Identifying Clinician Barriers to Quality Mental Health Treatment for Adults with Autism

Poster Presentation
Thursday, May 10, 2018: 5:30 PM-7:00 PM
Hall Grote Zaal (de Doelen ICC Rotterdam)
S. R. Crabbe1, B. B. Maddox1 and D. S. Mandell2, (1)University of Pennsylvania, Philadelphia, PA, (2)Center for Mental Health, University of Pennsylvania, Philadelphia, PA
Background: The number of adults diagnosed with autism is growing. More than half have a co-occurring psychiatric disorder, with anxiety and depression being the most common (Buck et al., 2014). In the general population, especially for those with public insurance, these disorders are typically treated at local community mental health centers (CMHCs). Many adults with autism would benefit from mental health treatment, but do not access these services, often because there are few clinicians trained to work with them. There is limited literature exploring this topic, and examining clinician perspectives on training needs would shed light on specific strategies to increase the quality services available to adults with autism. This study is the first to directly interview mental health clinicians on their experiences and needs in regards to treating adults with autism.

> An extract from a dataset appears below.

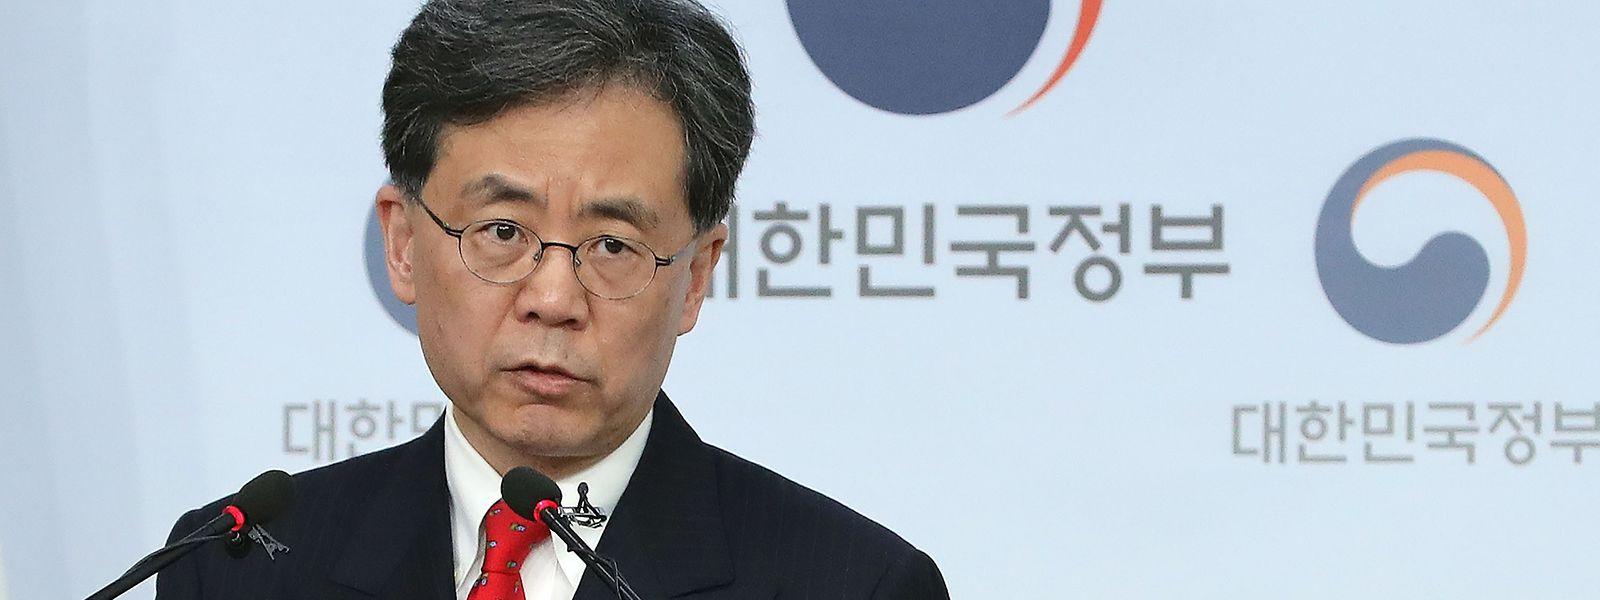 Südkoreas Handelsminister Kim Hyon-chong gab das Abkommen am Montag bekannt.

Objectives: This community partnered study aims to identify the barriers clinicians in CMHCs face in providing quality services to adults with autism. These results will directly inform the development of a training program for CMHC clinicians.

Methods: To date, 28 clinicians (86% female, 76% white) from six CMHCs have completed a semi-structured interview. Participants were psychotherapists, case managers and intake coordinators. The interview contained questions about their knowledge of autism symptoms in adults, experience with and confidence in treating adults with autism, prior education and training related to adults with autism, and recommendations for topics that related training should address. All interviews were audio recorded and transcribed professionally for analysis. The analysis will be guided by grounded theory.

Results: Data collection and analyses are ongoing and will be completed by February 2018. While some clinicians noted that they had provided services to a handful of adults with autism, many did not have any experience treating this population. Most participants had no training or education in treating adults with autism and could only describe a few autism symptoms. Many clinicians were open to working with adults with autism, but lacked confidence to provide proper treatment due to inadequate knowledge about effective strategies for this population. For example, one clinician noted during her experience providing therapy to an adult with autism, “I was asking him the wrong questions or I was saying things in a way that I wasn't communicating or getting through to him. So it was challenging for me and…probably frustrating for the client.”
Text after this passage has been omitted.